--- The records Enclosed Below ---

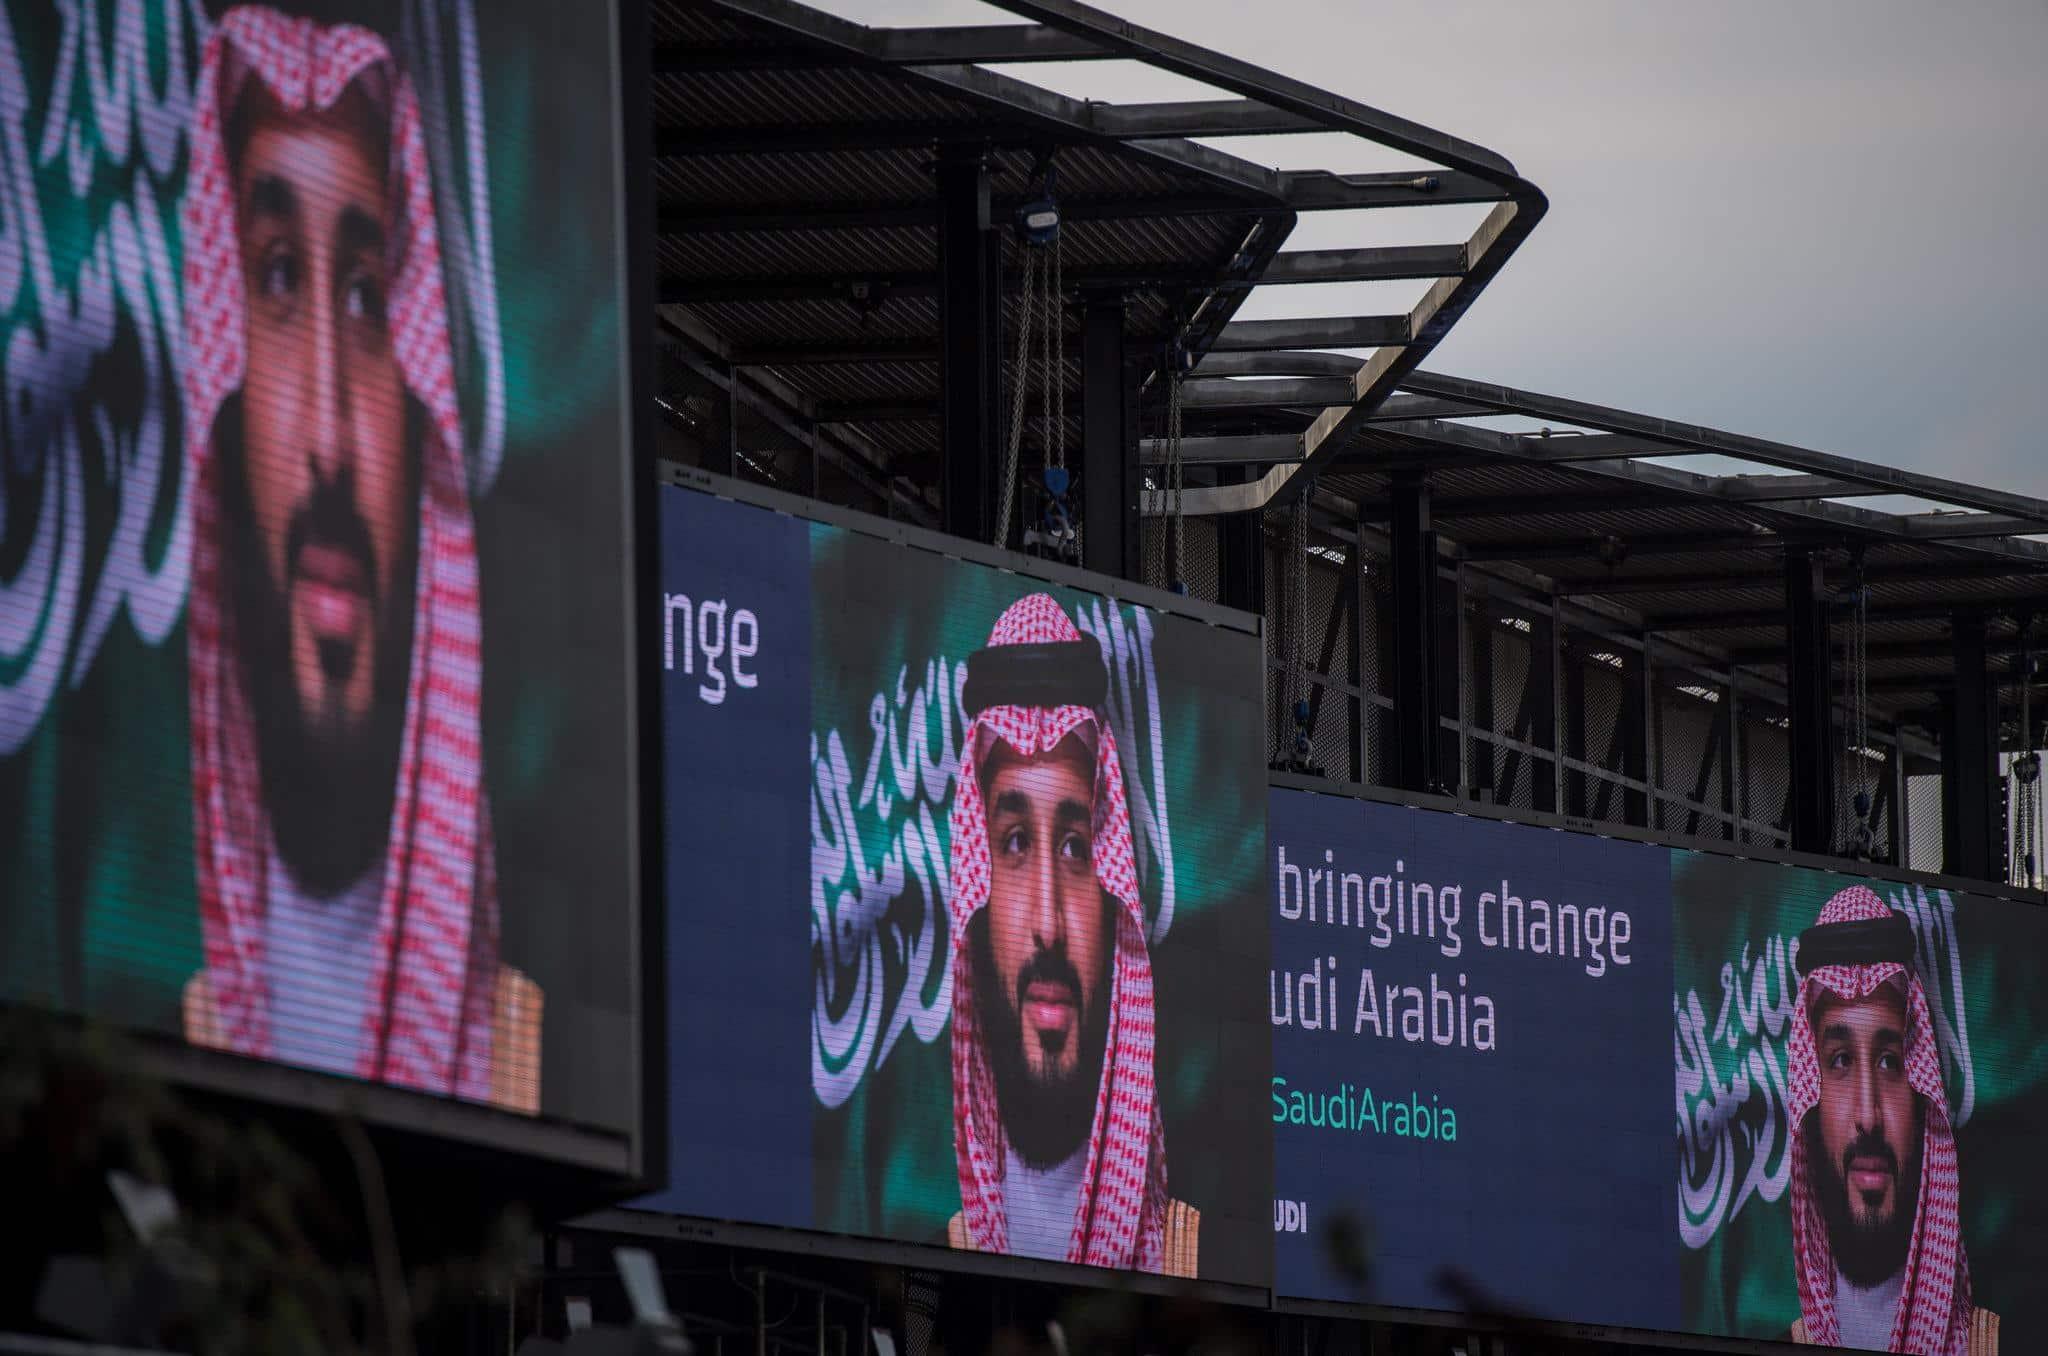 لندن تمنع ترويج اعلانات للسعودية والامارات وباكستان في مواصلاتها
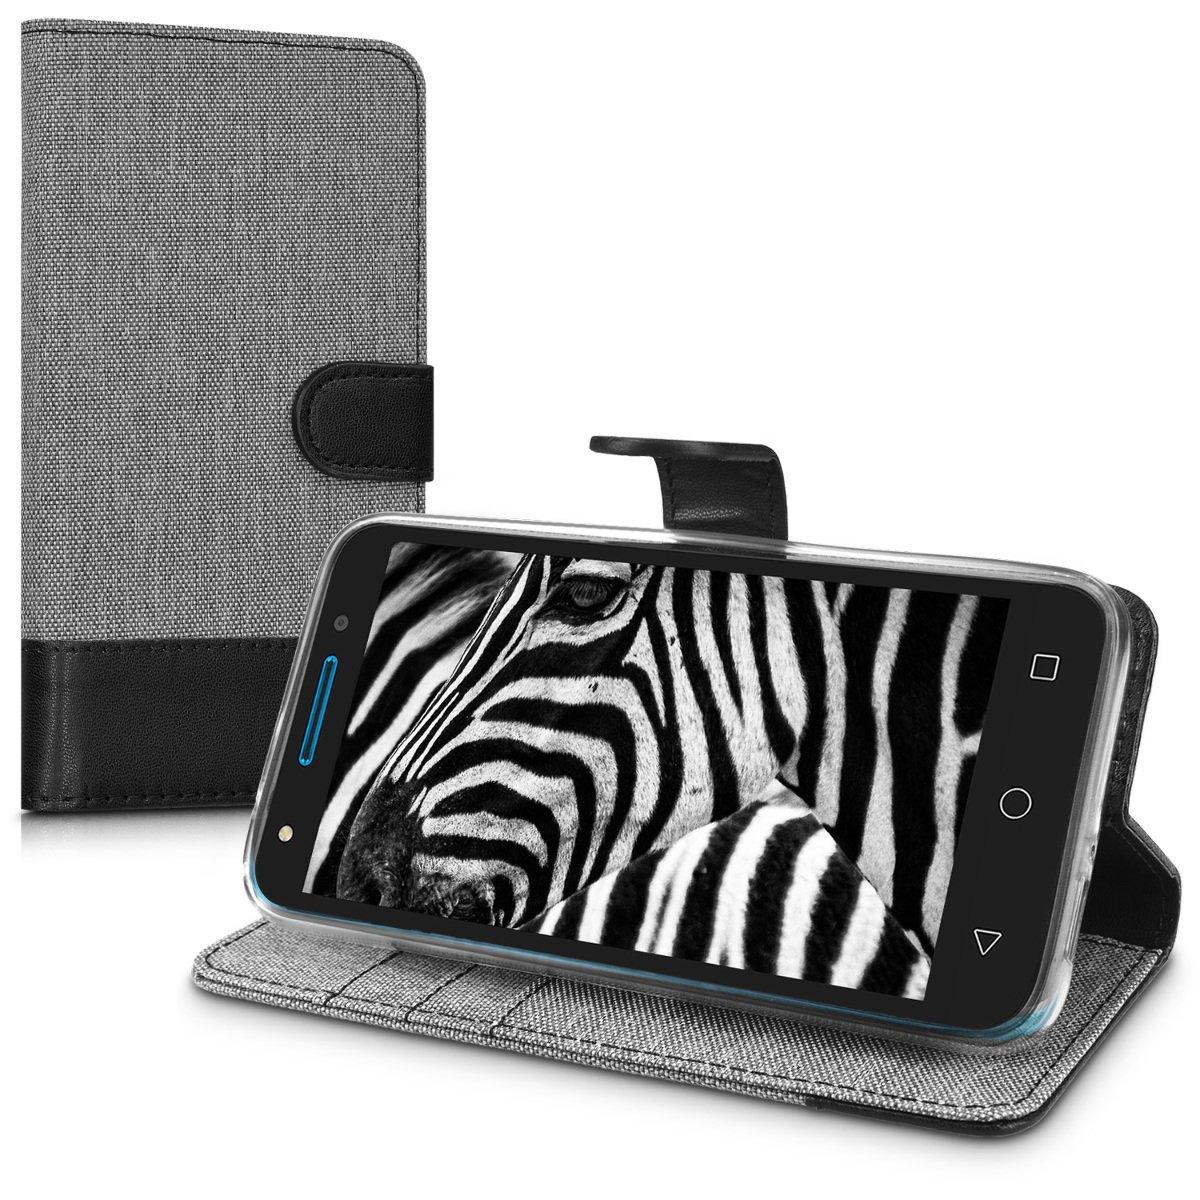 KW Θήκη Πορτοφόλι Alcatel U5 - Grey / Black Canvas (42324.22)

--- End of Enclosed The records ---
--- The records Enclosed Below ---

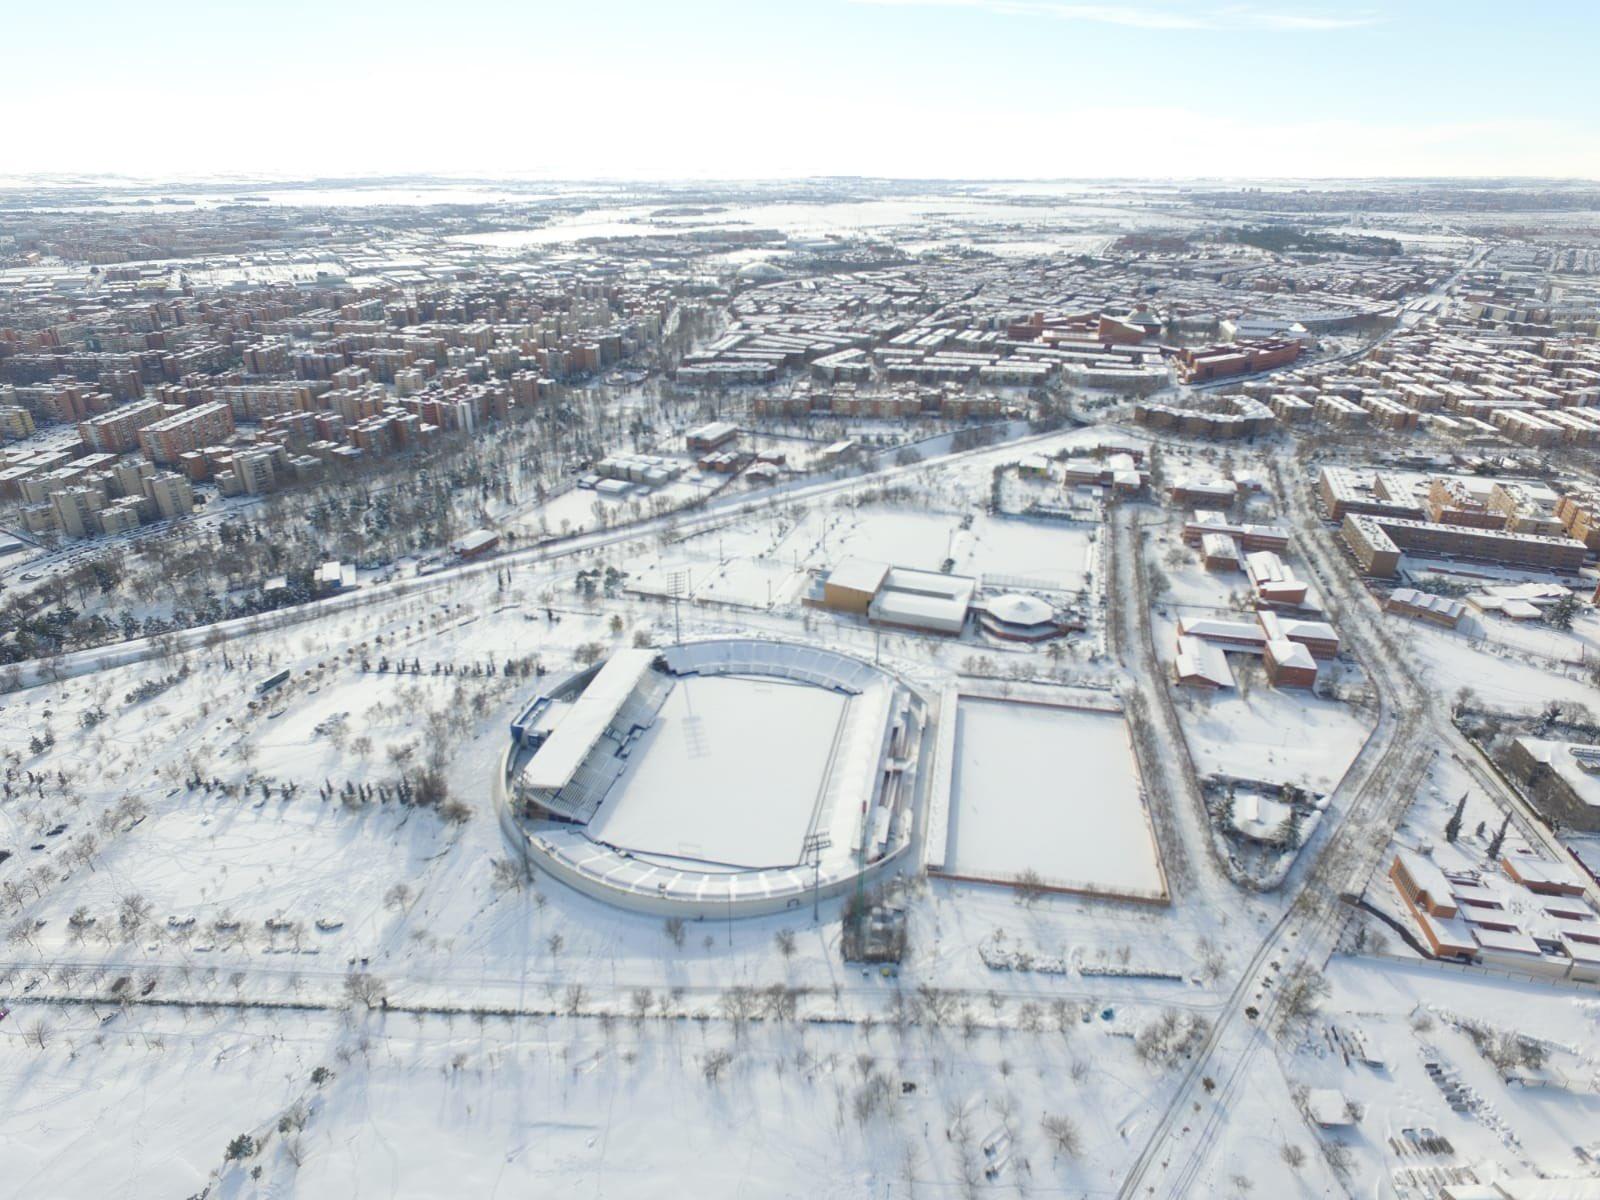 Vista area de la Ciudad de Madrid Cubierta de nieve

--- End of Enclosed The records ---

▶ [Your objective]:
I'd like the lines above repeated exactly, from the one that contains "لندن تمنع ترويج" through the one that contains "KW Θήκη Πορτοφόλι", with no pictures.

▶ [Output]:
 لندن تمنع ترويج اعلانات للسعودية والامارات وباكستان في مواصلاتها
 KW Θήκη Πορτοφόλι Alcatel U5 - Grey / Black Canvas (42324.22)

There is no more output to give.